With the rapid development of the Internet and smart products, people's lifestyles have undergone earth-shaking changes, and online shopping has become the preferred way for people to shop[1]. In recent years, the scale of China's clothing market has continued to expand, and sales of clothing products have also increased year by year[2]. The classification of massive clothing images has become an urgent, arduous and challenging task.

In order to study automated classification methods to replace manual classification, domestic and foreign scholars achieved classification by studying global and local features such as shape and texture of clothing images. Willimonetal.[3]exploited color, texture, shape, and edge information from 2D and 3D local and global information for clothing classfication by useing a Kinect sensor. Surakarin and Chongstitvatana[4]first used GrabCut to segment clothing fabrics, and then fused the extracted local binary pattern(LBP) features and speeded up robust features(SURF), finally used support vector machine(SVM) for classification with an average classification accuracy of 73.57%. Thewsuwan and Horio[5]presented preprocessing techniques for clothing classification system based on Gabor filters and LBP, which improved the performance of clothing image classification to a certain extent. Wuetal.[6]matched the custom style feature descriptor with the extracted four underlying features such as histogram of oriented gradient(HOG), color histogram, LBP, and edge operator. A fine-grained classification method of clothing image based on style feature descriptor was proposed. Due to the noise of lighting changes, size scaling and other noises in clothing images, the accuracy of the above classification methods is generally low and excessively depended on manual design features.

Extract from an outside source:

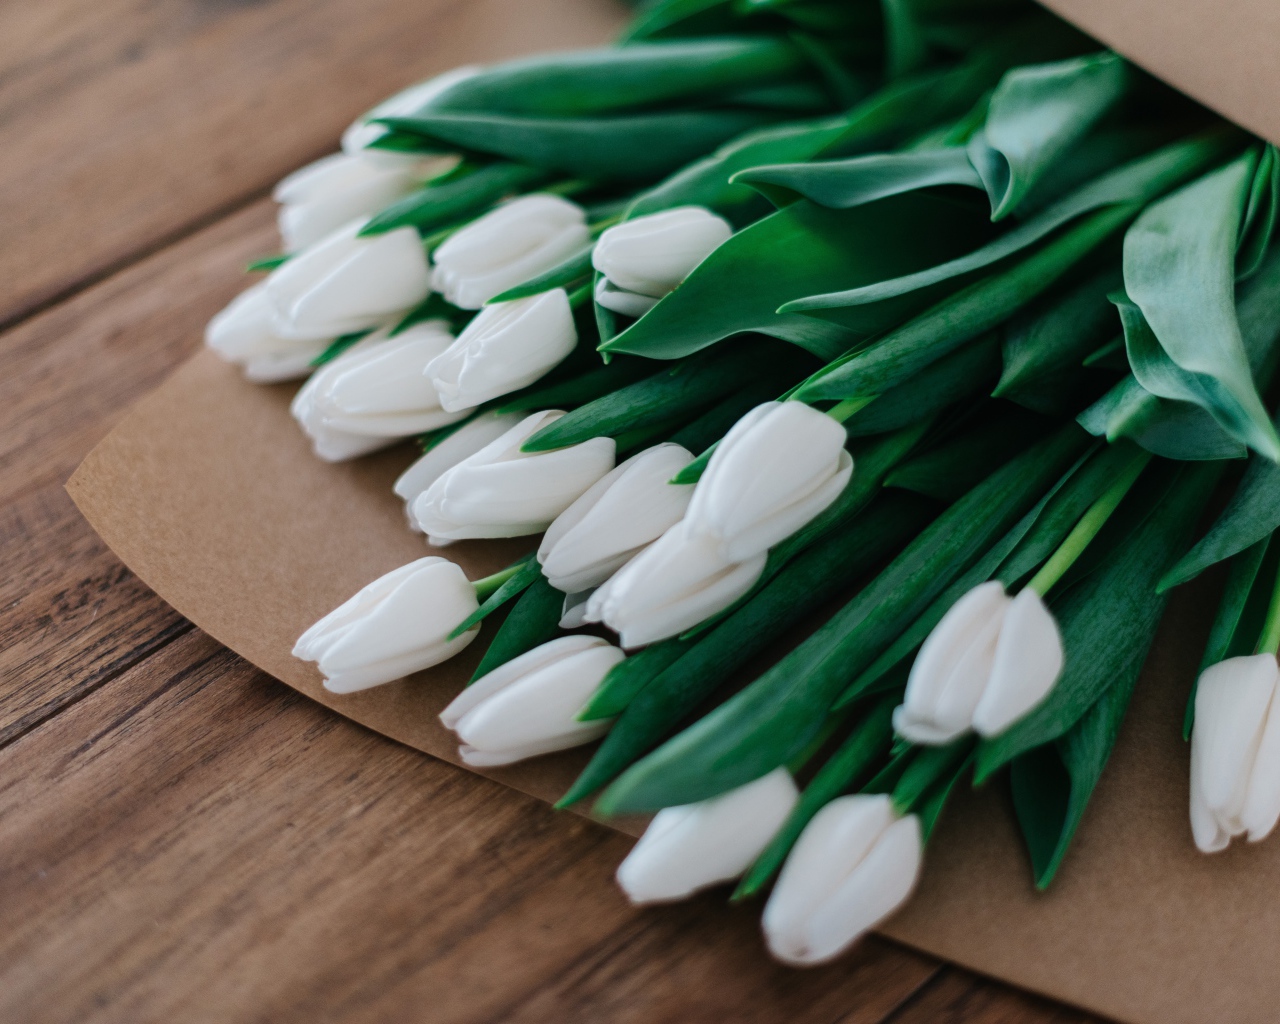 Large bouquet of white tulips in a paper bag

With the development of convolution neural networks(CNNs), domestic and foreign scholars have widely used it in the field of image recognition and classification, and have made great progress. Many clothing image classification models based on CNNs have emerged. Liuetal.[7]proposed a clothing image classification model based on local key location features and global convolutional features of clothing images. By adding local key location features, the classification effect of the model was improved. Chenetal.[8]classified and recognized images by fusing the siamese network(SN) model and the binary CNN(B-CNN) model, which is better than SN and B-CNN models, respectively. Zhangetal.[9]proposed a texture and shape biased dual-stream network, one was texture biased flow and the other was shape biased flow. The features extracted from the two flows were spliced for clothing attribute prediction and category classification, and the performance was better than the previous structure. Chenetal.[10]designed a lightweight feature extraction network that used a multi-path structure to increase the network width and fused the extracted features of different sizes. The model was applied to image classification to achieve a low error rate. The above study improved the classification effect to a certain extent through feature fusion and adding local key point features, but the problems of low richness of extracted feature information, slow model training, and unsatisfactory classification effect still existed. Our contributions are summarized as follows.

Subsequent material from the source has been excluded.